Выбрать главу

Набегают волны, заливают следы на песке, звучат тихие голоса:

— Ну что ты за мной все ходишь, комиссар?

Следы, следы.

— Наверно, вы очень образованный?

— Это почему?

— Больно жалостливы.

— Жестокость рождает жестокость, а надо остаться человеком.

— А я — человек?

Облизнула волна уткнувшийся дулом в песок ржавый пулемет. Загрохотал… Смолк. Тянутся следы…

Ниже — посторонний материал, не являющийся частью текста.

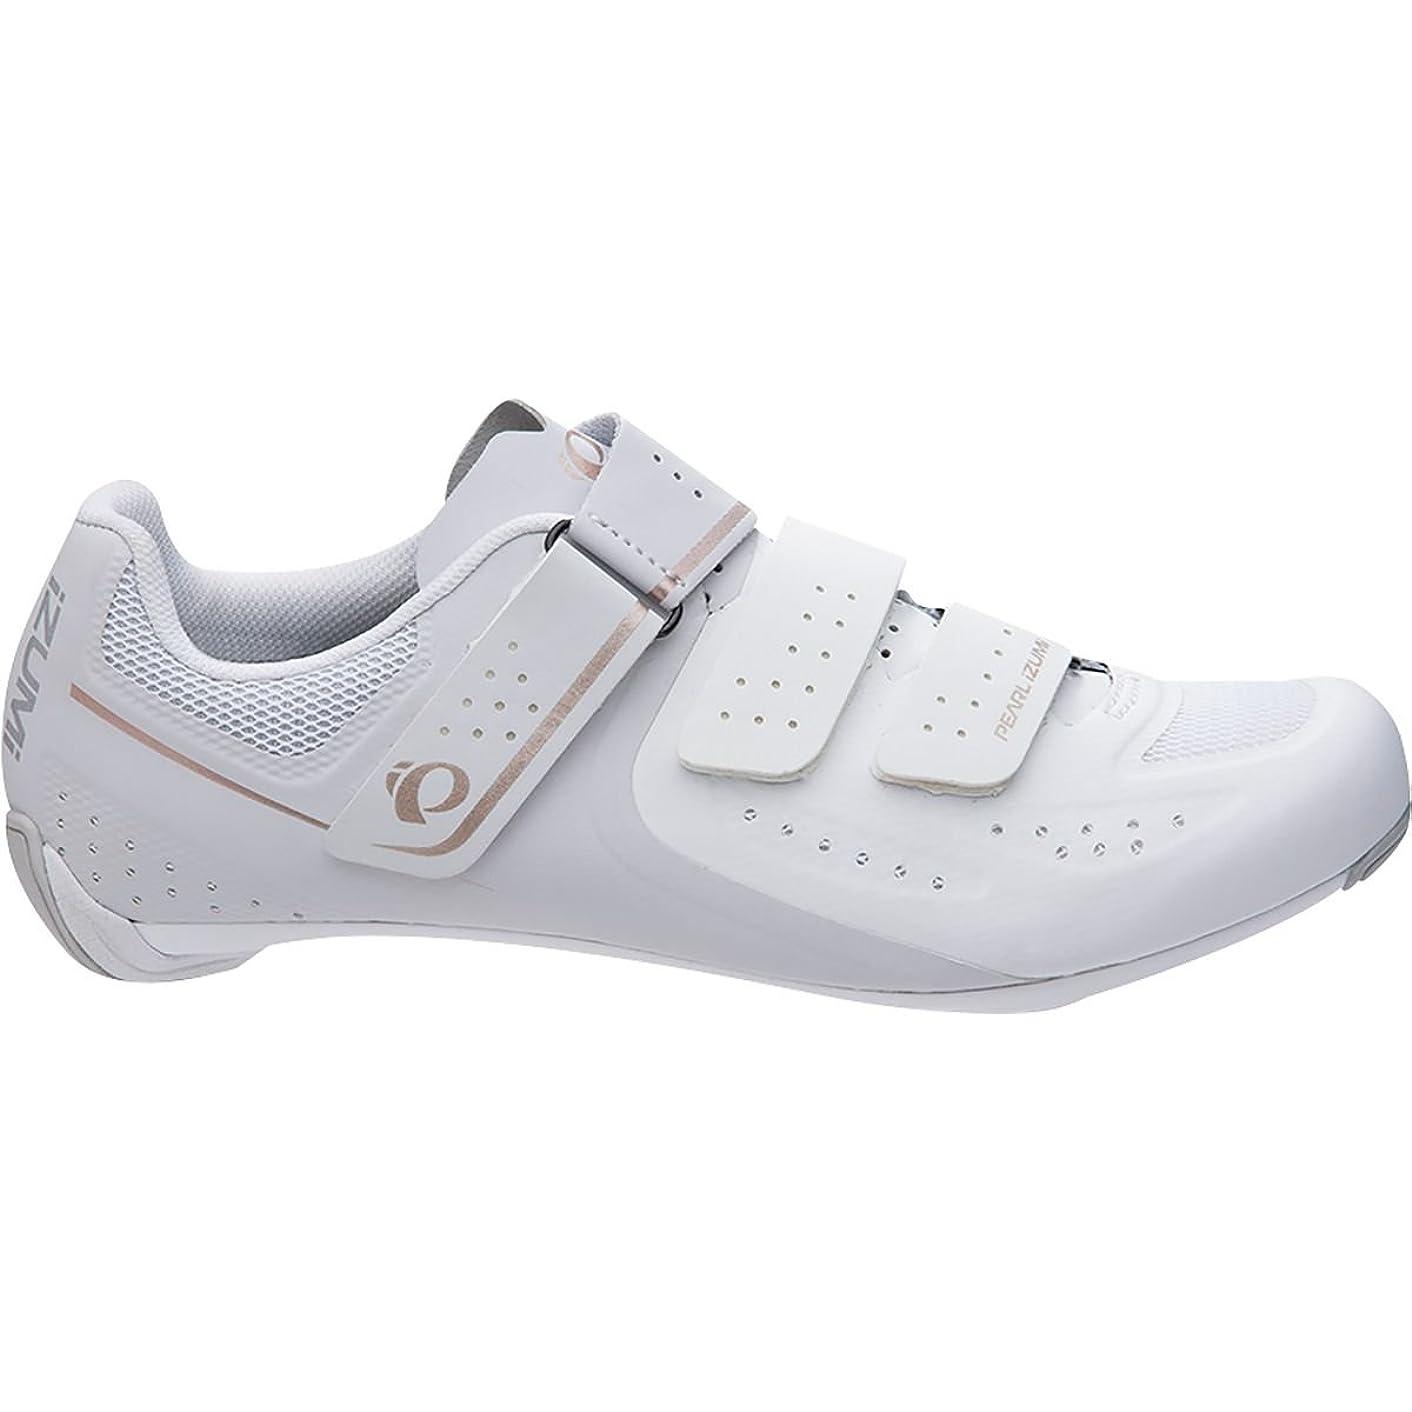 計画的逆にコロニアル[パールイズミ] レディース サイクリング SELECT Road V5 Cycling Shoe - Women's [並行輸入品]
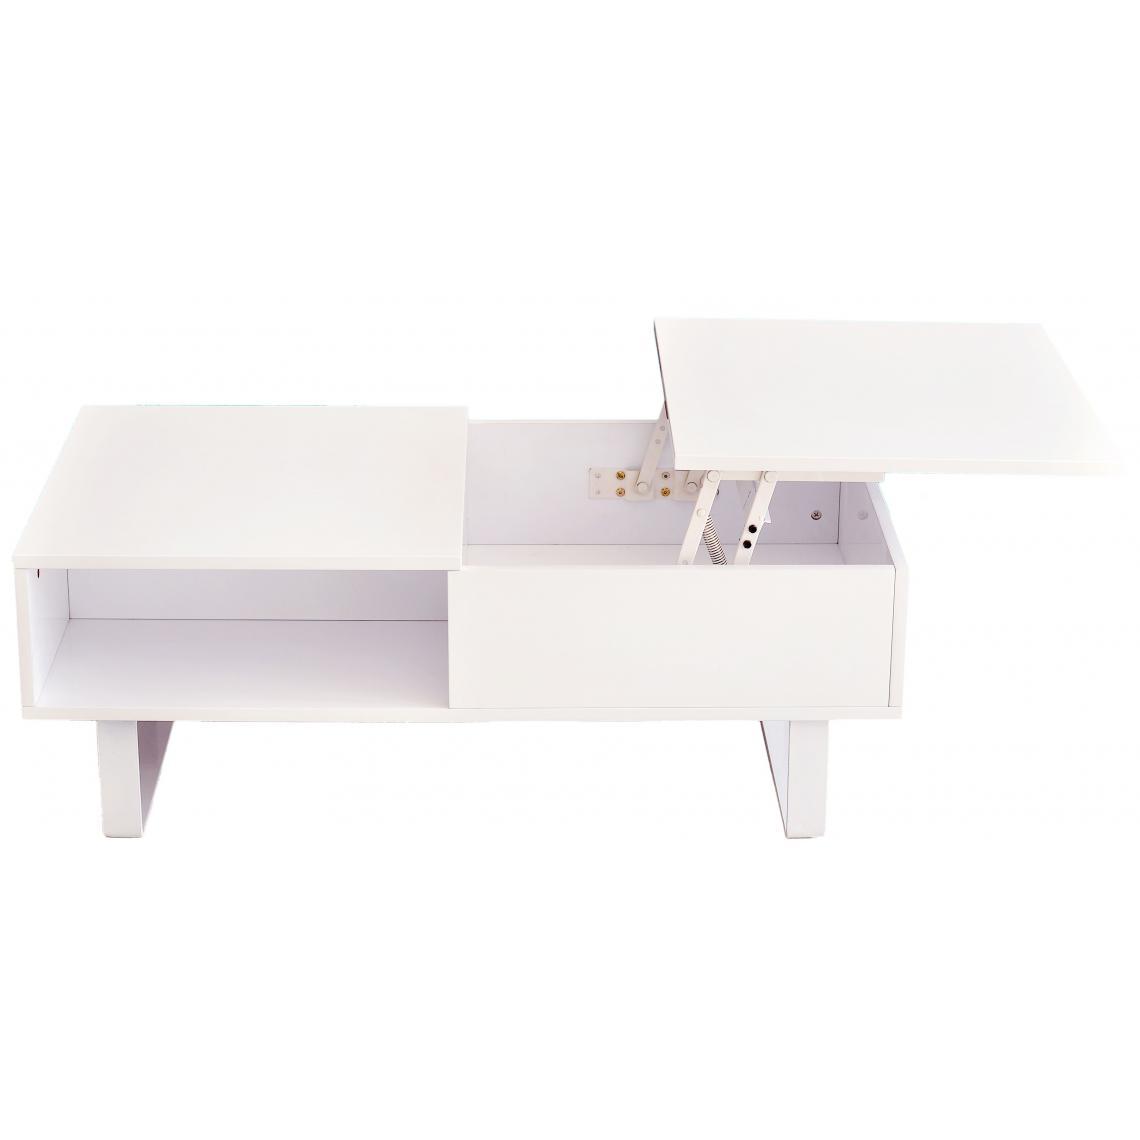 Table Basse Blanche Avec Plateau Relevable Melvin 3 Suisses

— Интересно, какие ты любишь книги, Глаша?

— Рассказ про лошадь «Холстомер». А еще стихи… про черную шаль… Вот скажите мне — для чего жизнь?

— Чтобы сделать ее лучше.

— Я верю.

Пузырится вода в следах. Торчит из песка простреленная боевая труба. Просигналила труба. И опять тишина и следы.

Снова из моря выходит лоснящаяся от воды и света лошадь — образ природы, иносказание нагой женщины.

И сразу — лежат на песке рядом Безлыков и Глаша, а между ними ее винтовка, ее судьба, ее жизнь. Рука комиссара сжала пальцы девушки, вцепившиеся в затвор. Камера медленно поднимается ввысь, и скоро тела на песке становятся едва различимыми, и звучит чужой голос из другой уже, следующей сцены:

— А дальше?.. что же дальше?

— Я все равно ненавижу Афродиту! — смеется актриса, лаская лошадь. — Но сцена мне нравится.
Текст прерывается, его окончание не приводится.